Information supplied section start
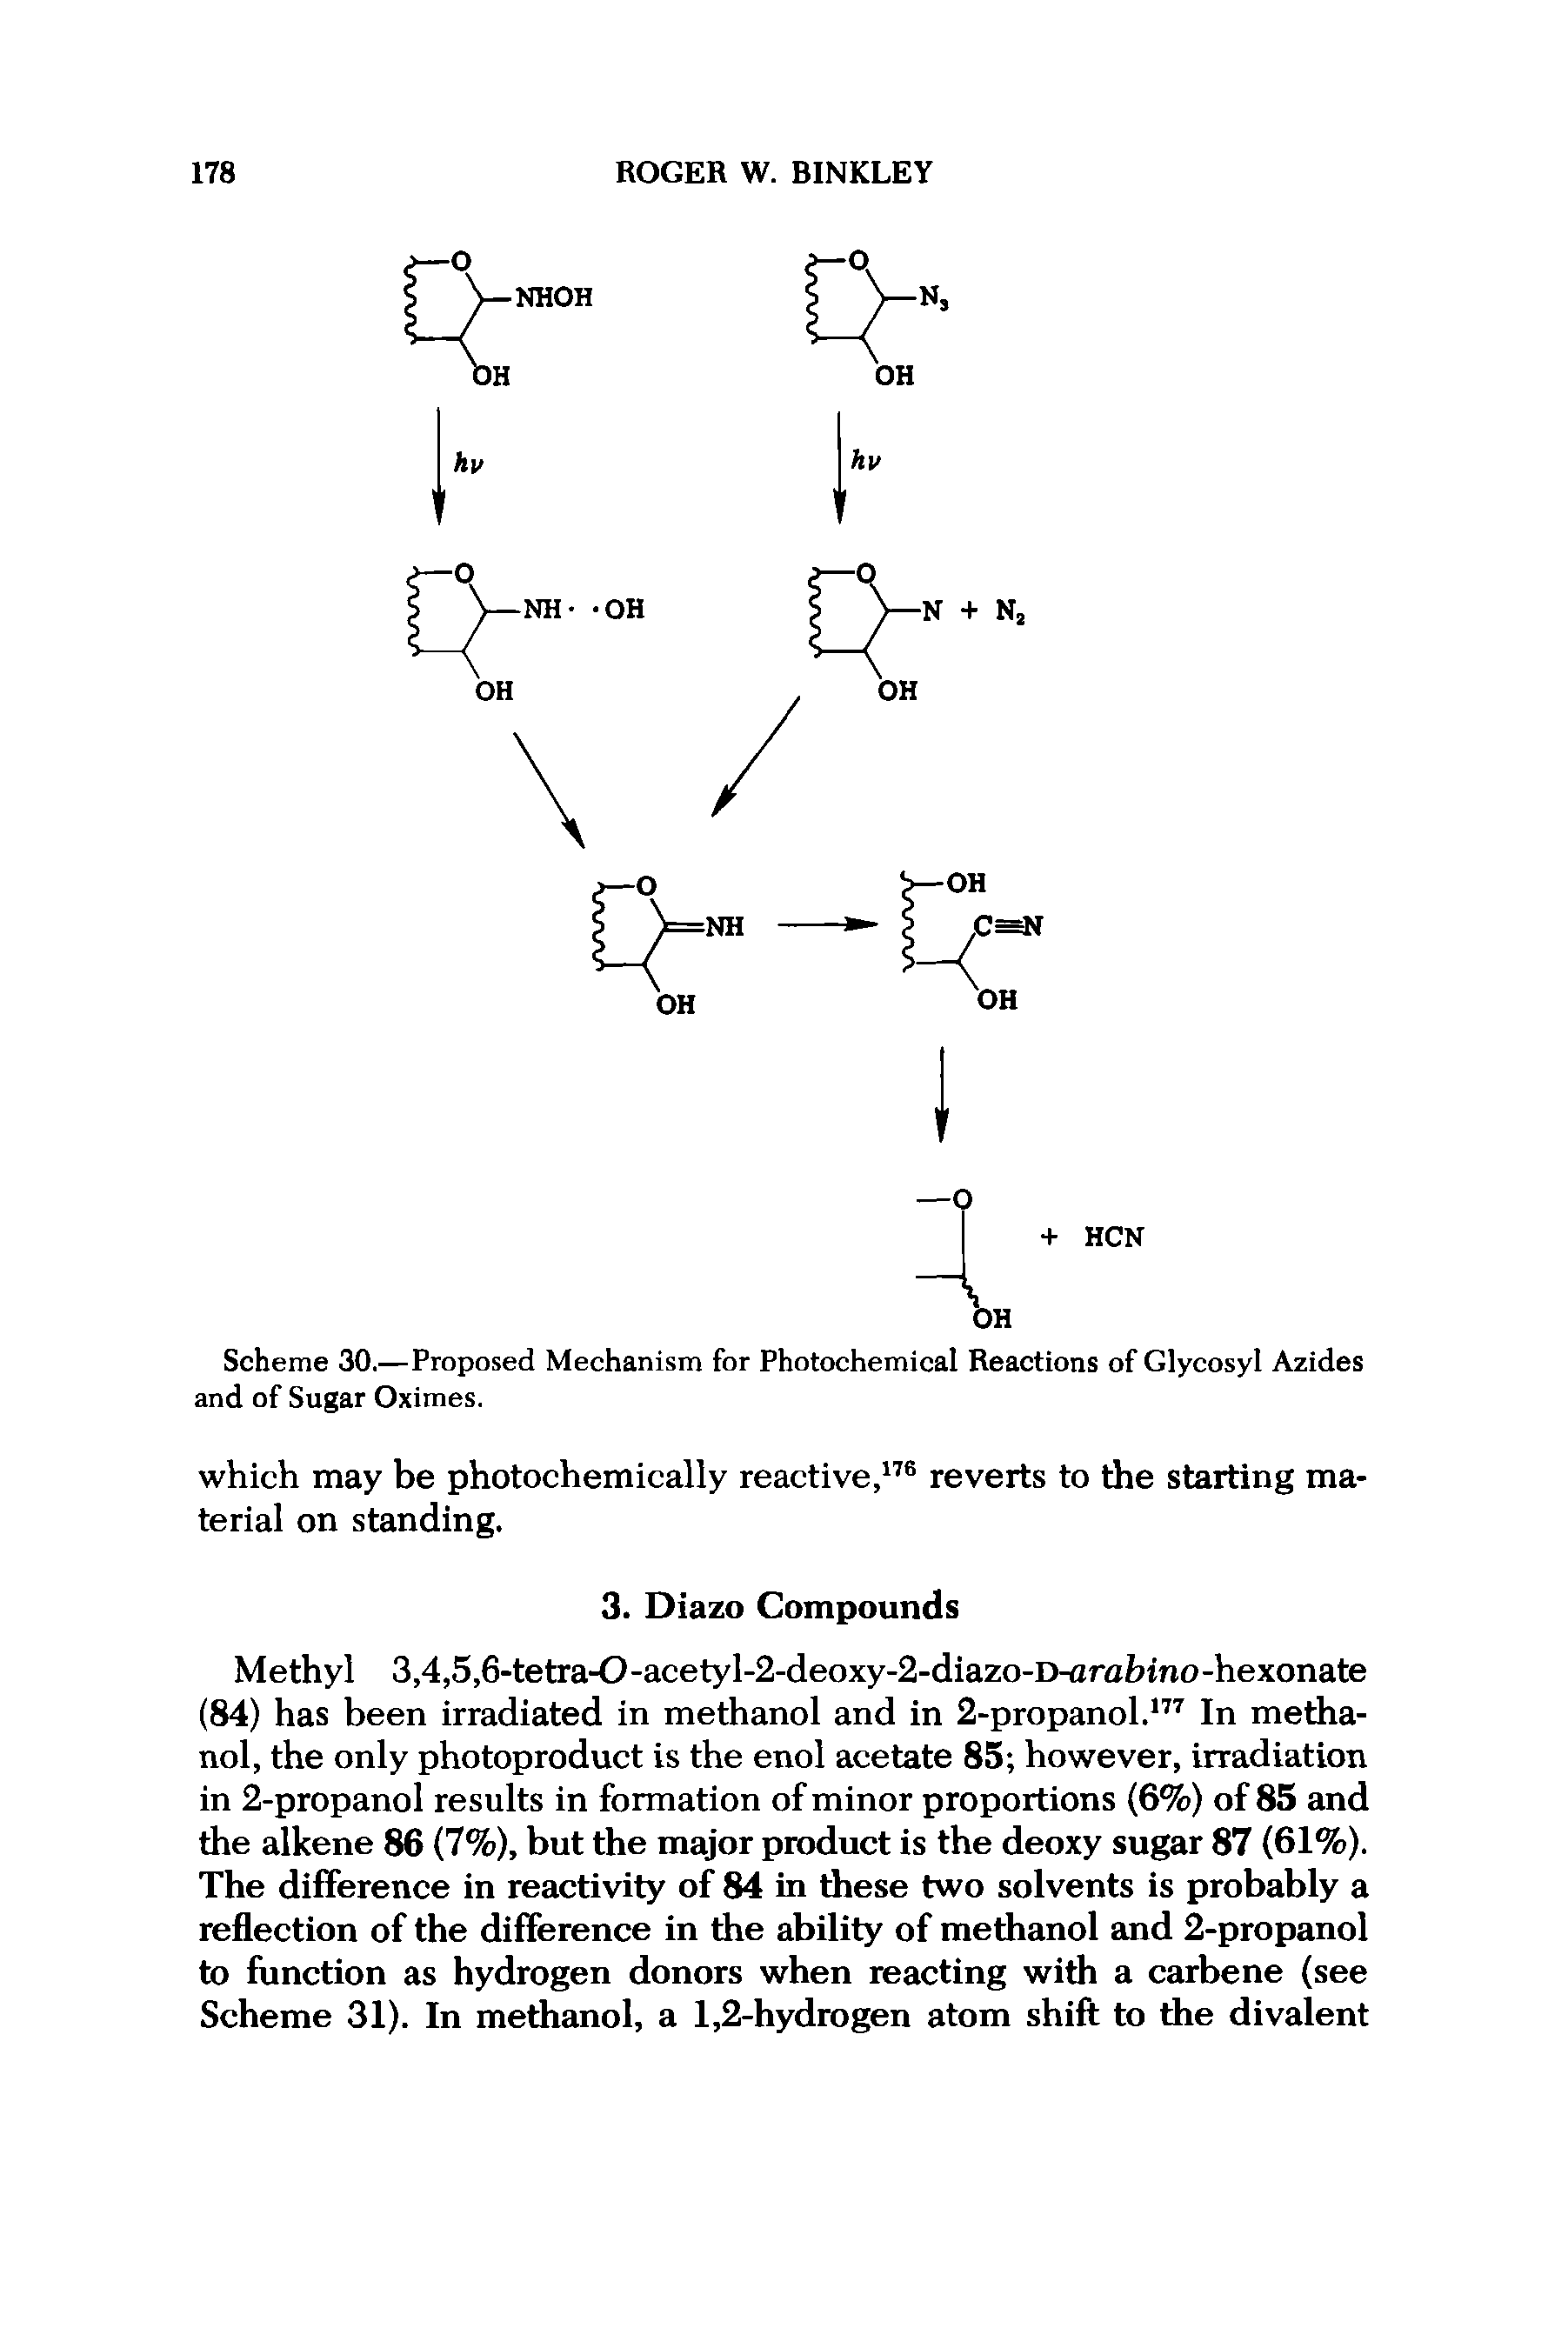 Scheme 30.—Proposed Mechanism for Photochemical Reactions of Glycosyl Azides and of Sugar Oximes.
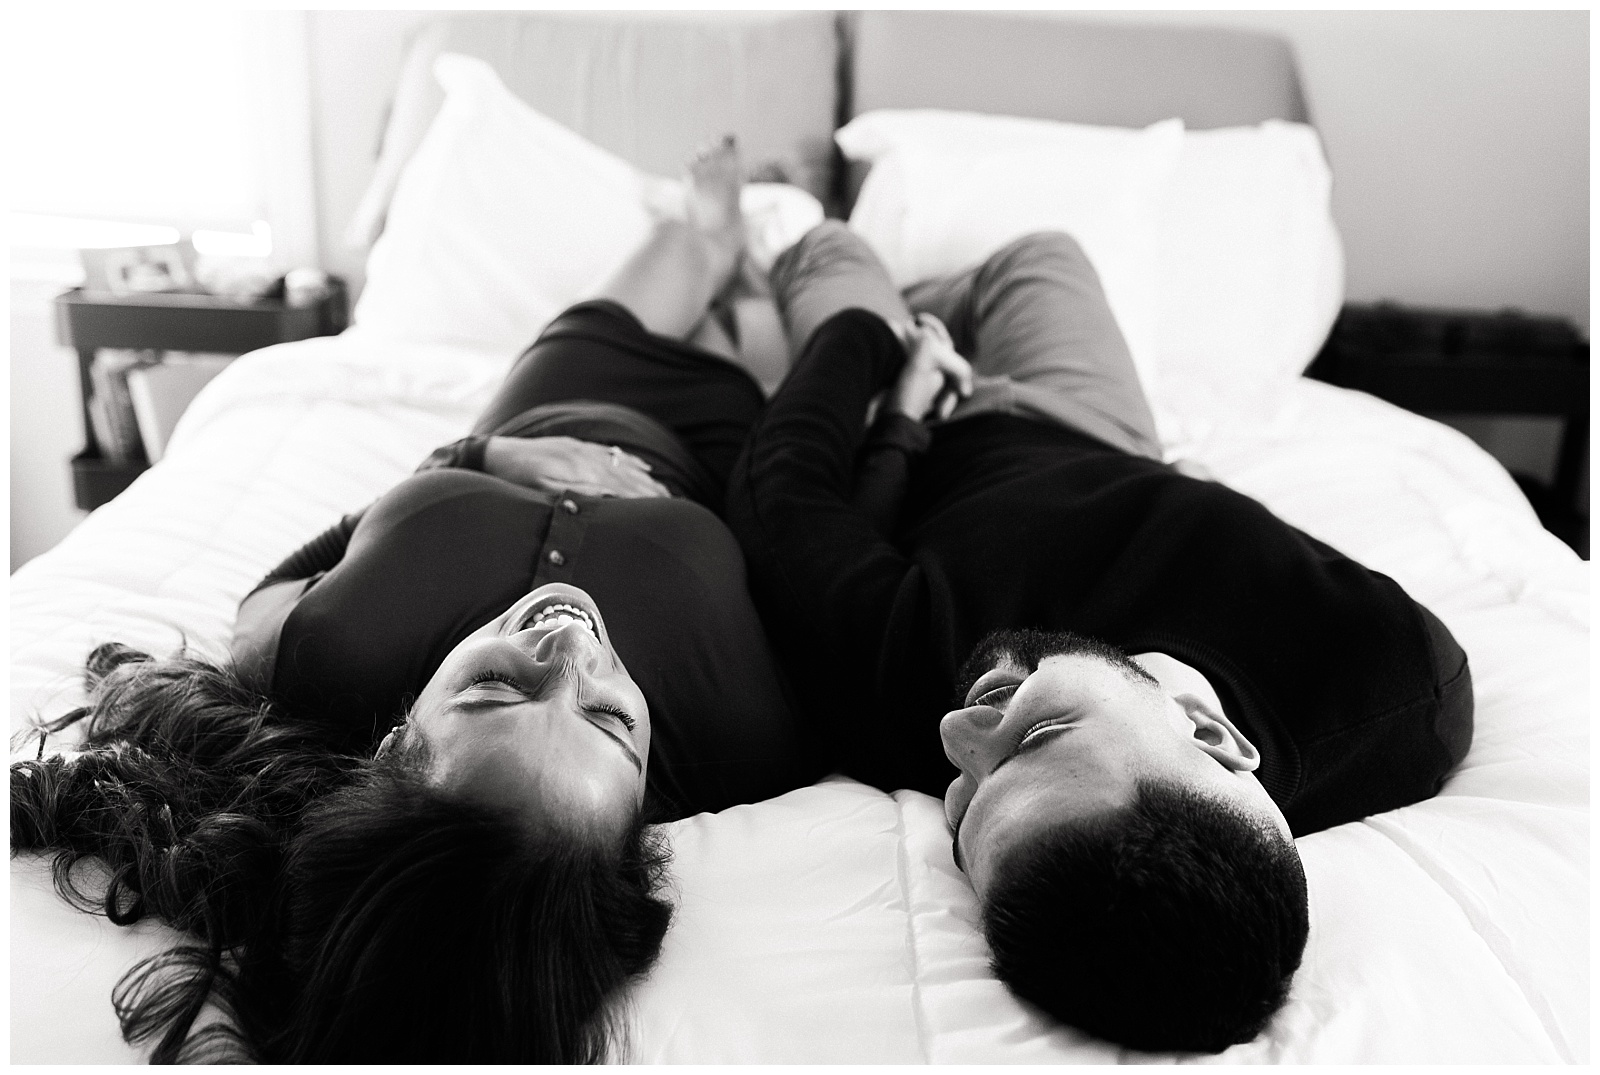 In Home Maternity Session, Nursery, Baby, New Parents, Maternity Shoot, Pregnant, Pregnancy Photos, New Jersey, Photographer, Baby Boy, Bed, Lay down, black and white, Photo
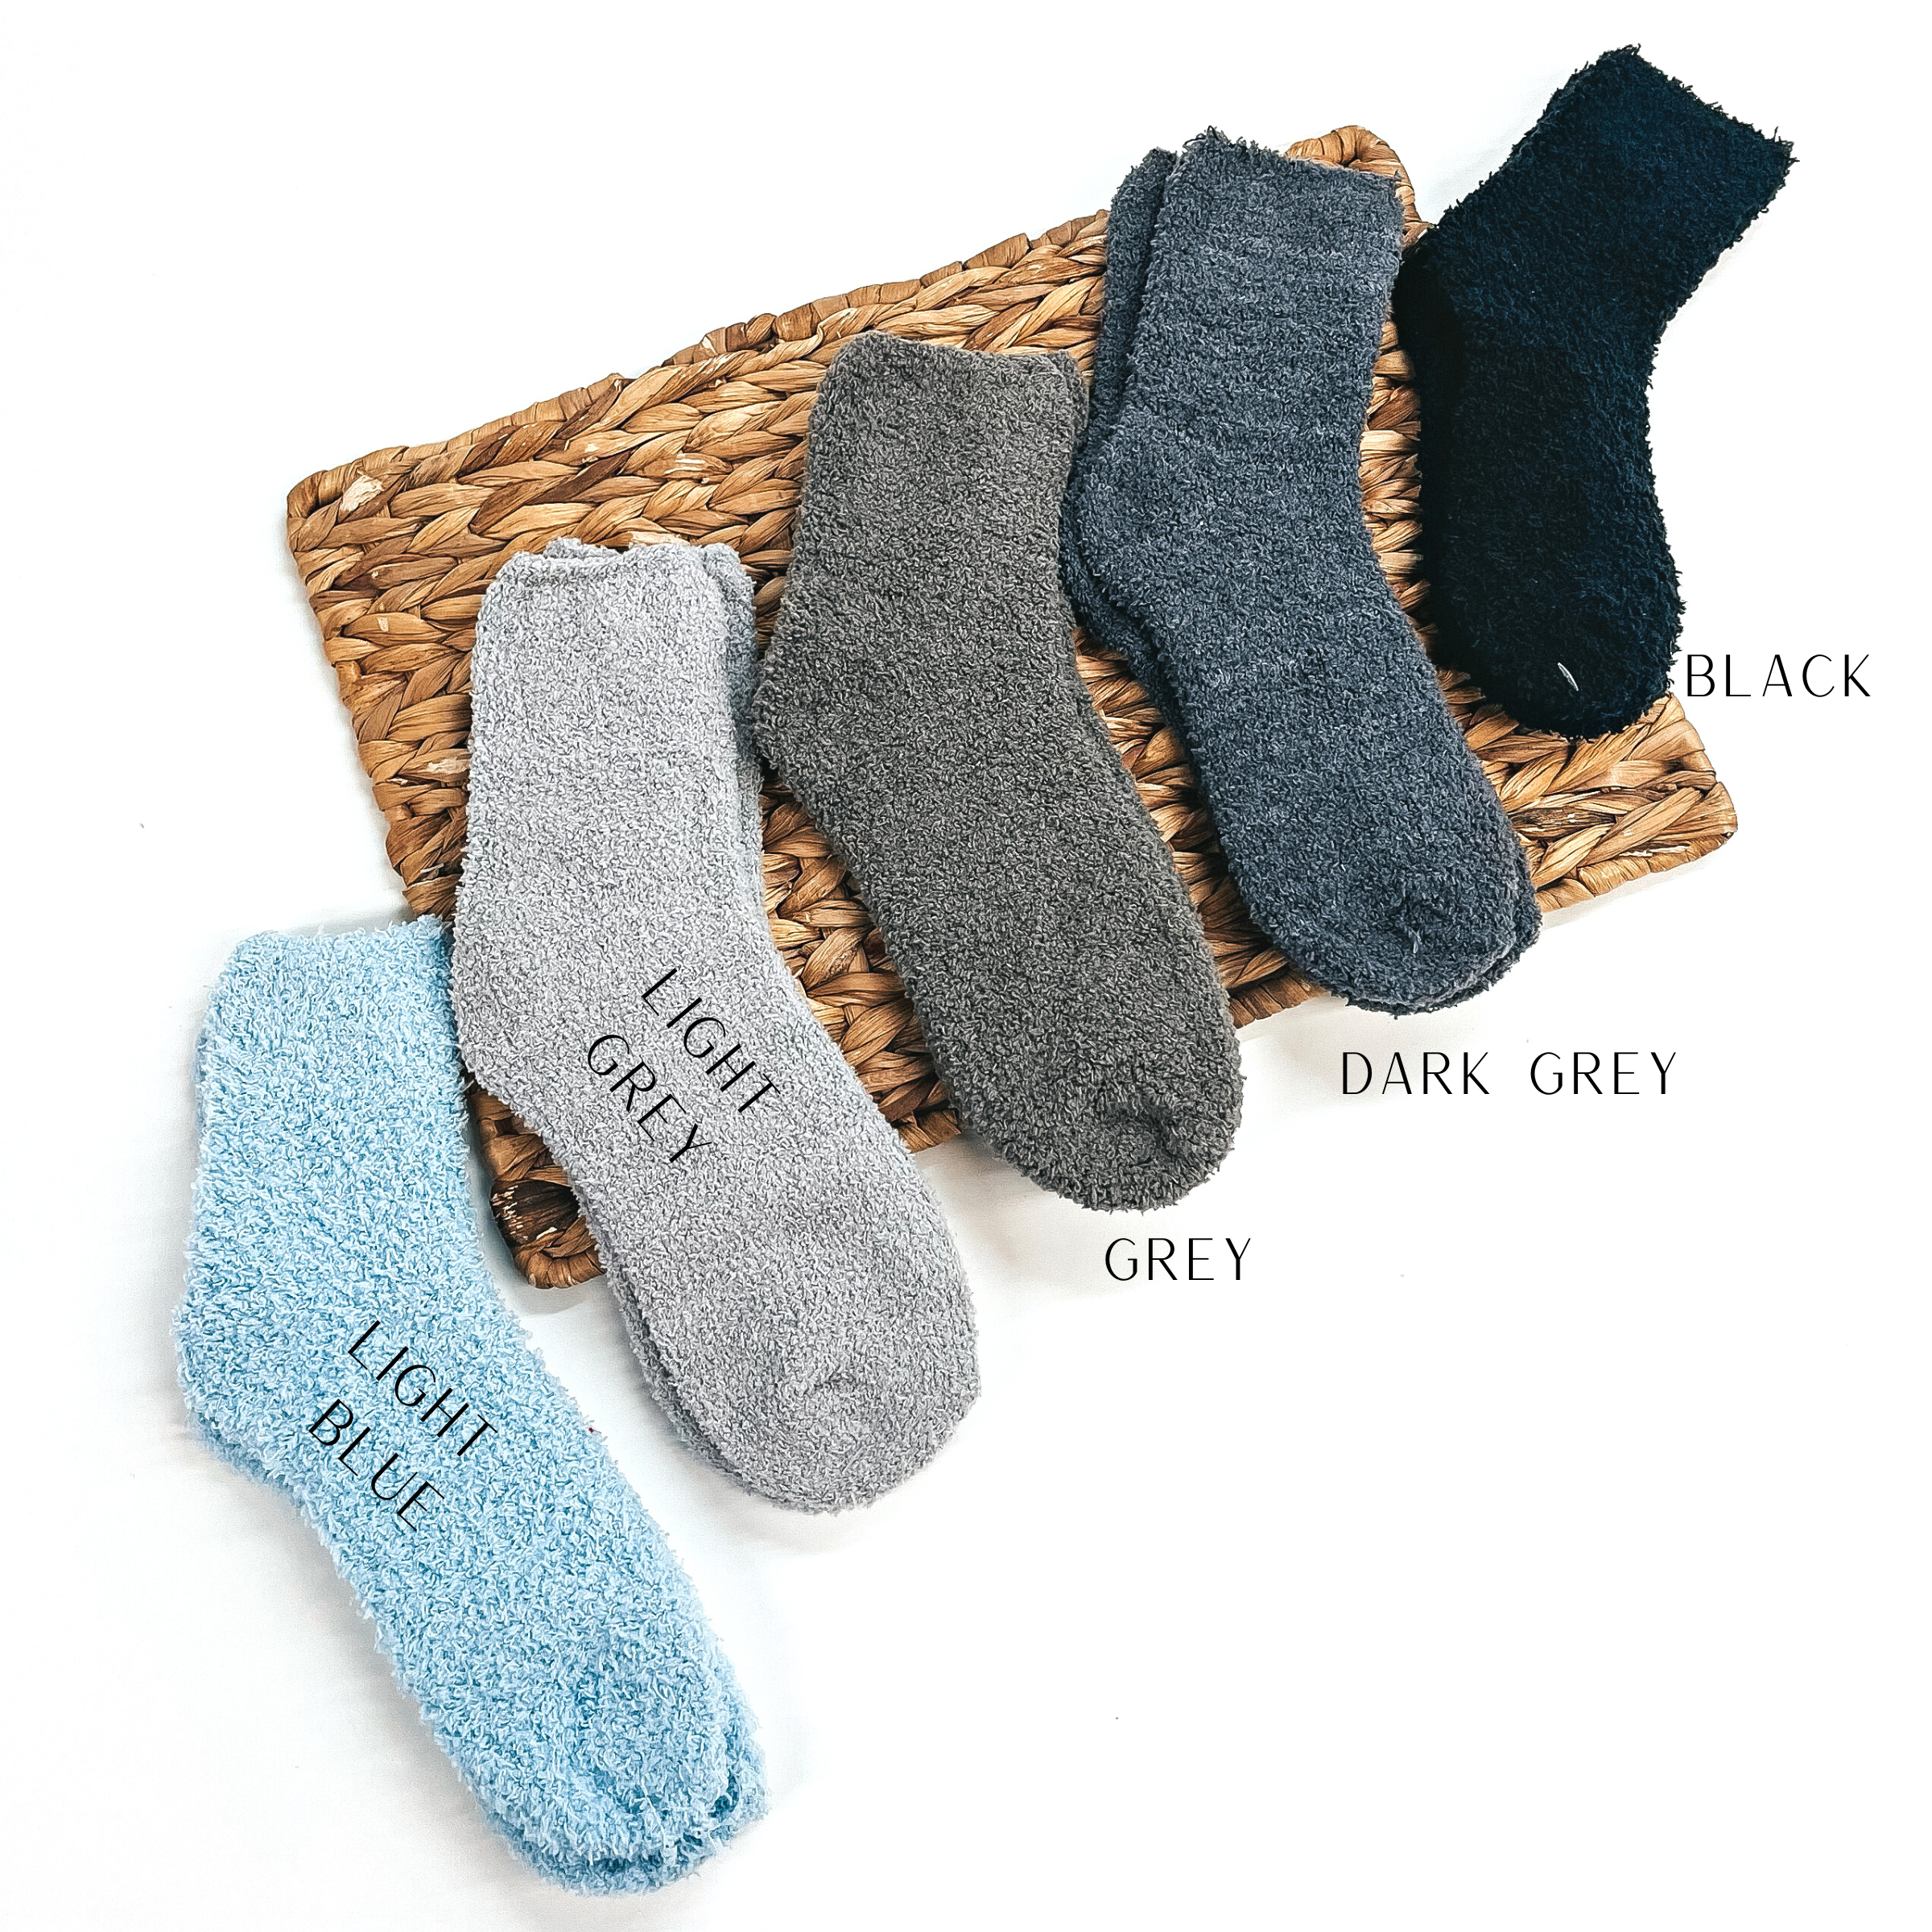 These are five pairs of fuzzy socks, from left to right; light blue, light grey, grey,  dark grey, and black. These socks are taken on a brown woven slate and on a white  background.
Information supplied section end
Work instruction: Print each line of the listing, starting at its first and ending with the line that holds "In Home Maternity", but skip any pictures.

Answer to this task:
 Scheme 30.—Proposed Mechanism for Photochemical Reactions of Glycosyl Azides and of Sugar Oximes.
 In Home Maternity Session, Nursery, Baby, New Parents, Maternity Shoot, Pregnant, Pregnancy Photos, New Jersey, Photographer, Baby Boy, Bed, Lay down, black and white, Photo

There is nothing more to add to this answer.